5. Completely online
Students already do everything online, it is time their learning materials followed suit. Modern business simulation games are entirely web-based and make it easy for both students and teachers to access from anywhere in the world. With multitude of universities offering blended or completely online classes to people around the world, it is easy to see how the convenience of such accessibility would be of importance to the new generation of learners.
6. Big picture thinking
A common complaint of students is that while they learn a lot about individual business topics in separate courses, there is little to no possibility for them to connect these interdependent subjects in any meaningful way. Business simulations are designed to help the holistic understanding of various business disciplines by putting teams in charge of all relevant company functions including production, marketing, logistics, finance etc., allowing learners to see the relationship between departments, and how decisions within them affect bottom line performance.

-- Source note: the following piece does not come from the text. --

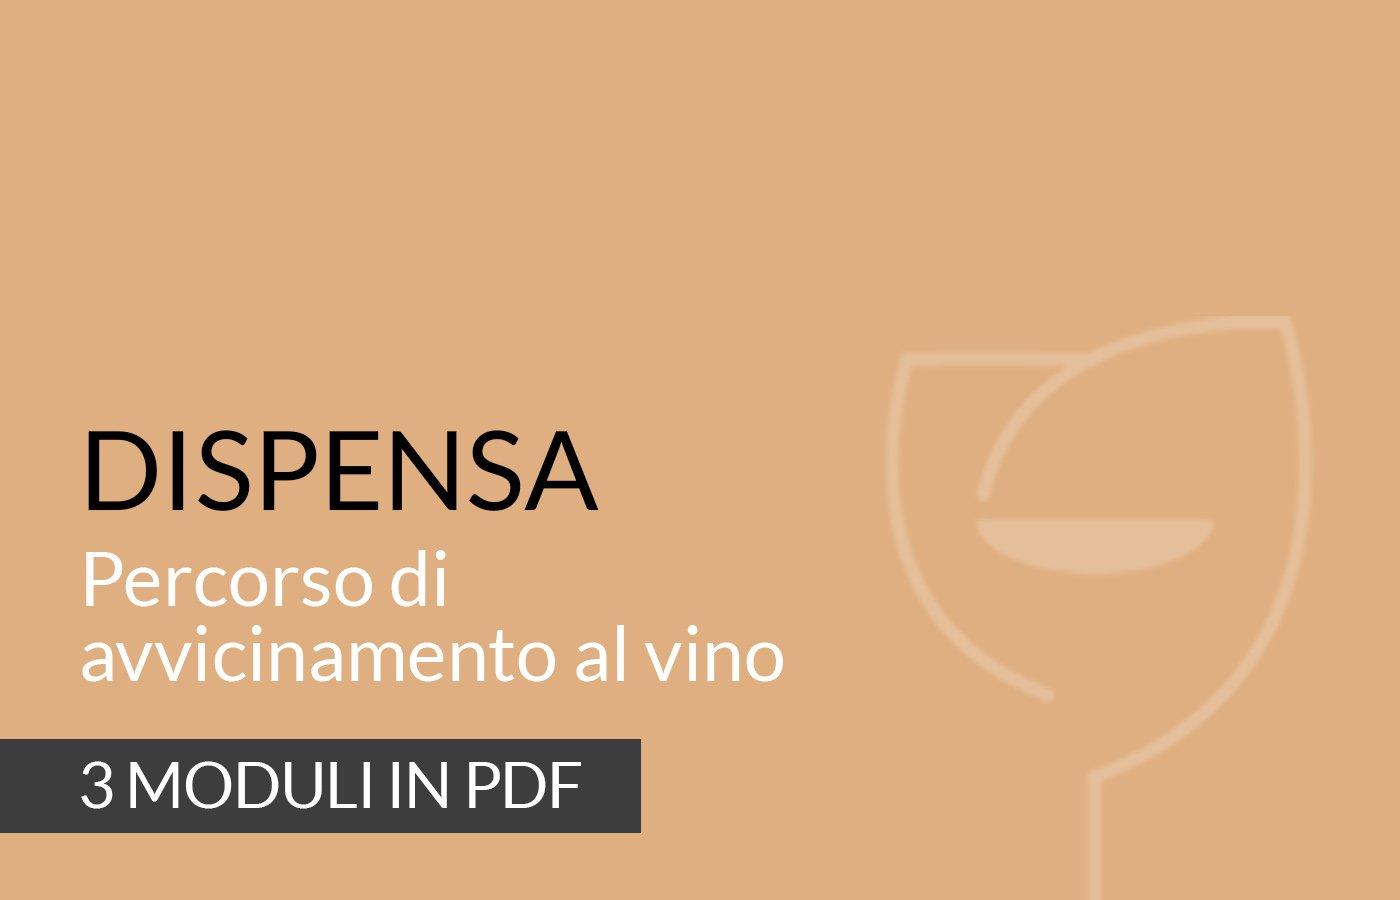 Dispensa Percorso di avvicinamento al vino

In summary, using business simulations in your course will:
- Give you the ability to better illustrate theoretical business concepts
- Increase student engagement and enjoyment
- Improve student knowledge retention, decision making and teamwork skills
- Allow you to run all of your simulation based courses online in any format (classroom, blended, online)
- Give you a powerful tool to test the hands on skills and strategic thinking of students
"As someone with no marketing background, I found the Cesim SimBrand marketing simulation a very useful tool. The most important thing for me was that it gave me some ´experience´ on which to hang the marketing knowledge from the lectures. For example, when discussing advertising and distribution channels I could think about how the theory affected SimBrand. Being able to apply the material to my new ´experience´ allowed me to understand more of the subtleties than I otherwise would have been able to", says Louise Elliot, MBA, University of Leeds, UK.